2. The relevant market

2.1. The product market

The main complaint of Michelin NV against the Commission is that its concept of the market is artificial and arbitrary. In what it considers the relevant product market the Commission includes non-interchangeable types and sizes of tyre whilst disregarding retreads — the very product which competes with every type of new tyre. To separate the market in tyres for lorries, buses and similar vehicles from the tyre market in general is also illogical. Finally, the applicant contends that the Commission's reasoning is self-contradictory inasmuch as the Commission puts itself alternately in the shoes of the consumer and the dealer.

I do not think that those contentions are capable of depriving the Commission's arguments of their force. In saying that I assume that, as I said earlier, the concept of the relevant product market may indeed be of practical value in providing the necessary proof. However, as I have said, it is not an element in the prohibition which must be proven separately but is a functional concept which depends for its substance on its usefulness in establishing the existence in a given case of a dominant position which is being abused.

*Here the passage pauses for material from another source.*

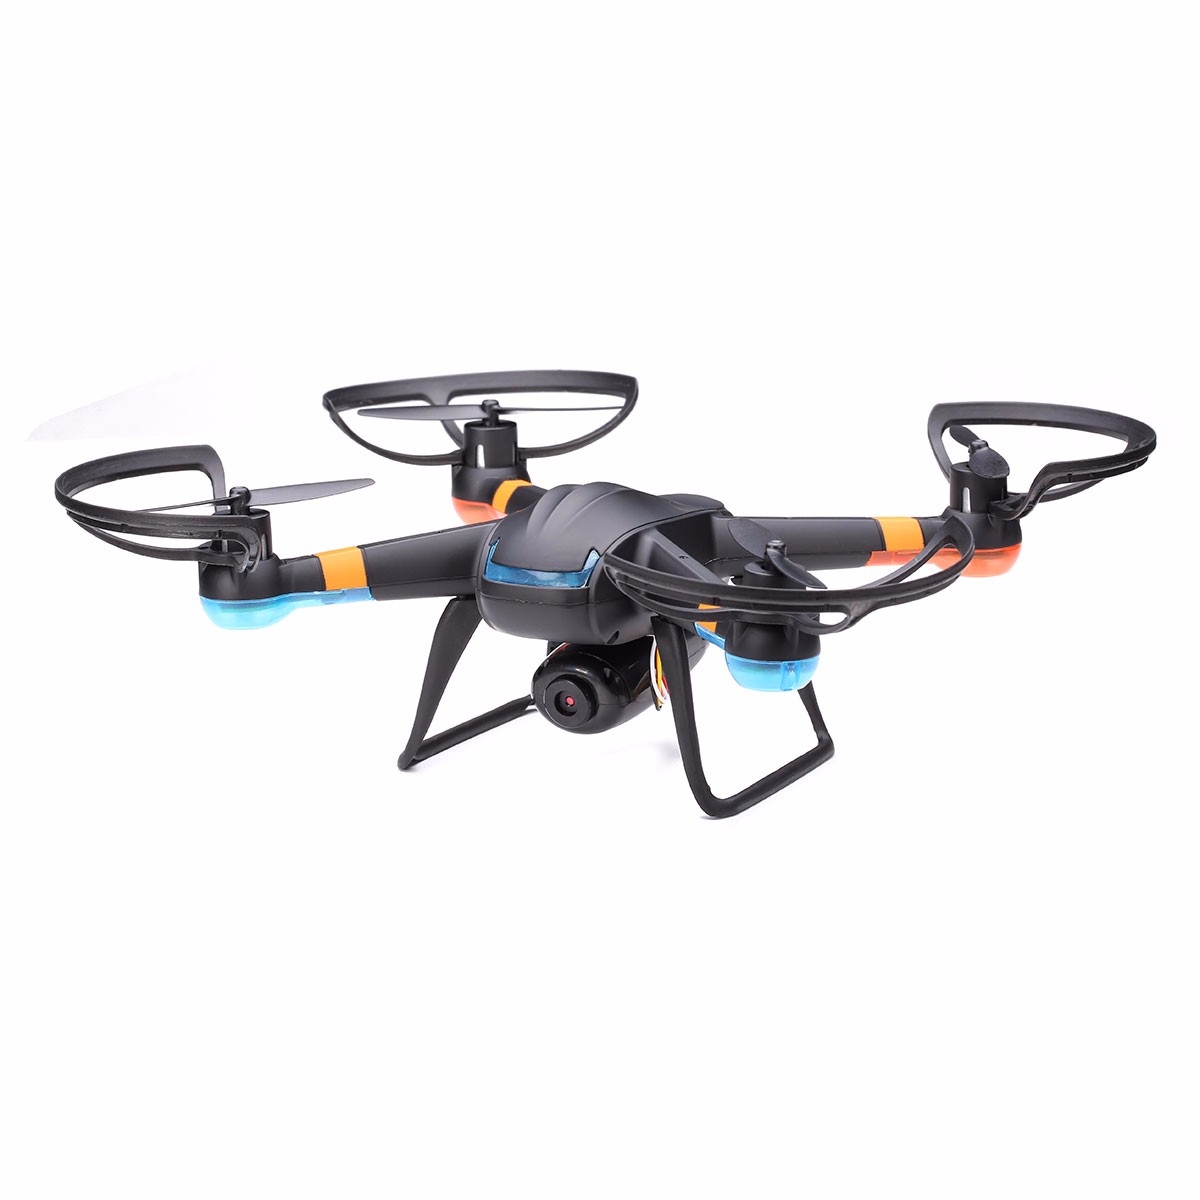 Global Drone GW007-1 Upgrade DM007 With 2.0MP HD Camera 2.4G 4CH 6 Axis One Key Return RC Quadcopter

According to paragraph 31 of the contested decision, the Commission considers that the distinction made between heavy and light tyres (for replacing the original tyres) is justified because they differ in three respects, namely in their technical characteristics, the use for which they are intended and their price. This is not denied or scarcely denied by the applicant. The argument that delivery vans in particular are also used for business purposes is correct in itself but immaterial as regards the distinction made. The point is that changes in the supply of and demand for light tyres caused by those three factors have no, or hardly any, effect on the supply of and demand for heavy tyres. Although the applicant further argues that not all types of heavy tyres appear interchangeable to consumers or, for technical reasons relating to production, to manufacturers either, that argument cannot further the applicant's case either. First, the most which could be deduced from this js that Michelin does not have a market share of 57 to 65% as regards all tyres belonging to the heavy tyre market but this would then logically imply that it has an even higher market share as regards a substantial part of that tyre market. Secondly, it is clear from a comparative legal analysis that in practice legal authorities reject distinctions between different types and sizes of products intended for the same group of consumers (in this case haulage contractors). From the manufacturing point of view, the Commission is right to consider the extent to which the various products complement one other technically, and not their interchangeability, the decisive factor. Thirdly, as the Commission rightly observes in the final sentence of paragraph 31 and in paragraph 33 of its decision, it is the dealers' market position which is crucial in the present case. In this regard it is not disputed that Michelin NV itself makes no distinction between different types and sizes of heavy-duty tyres when fixing sales targets.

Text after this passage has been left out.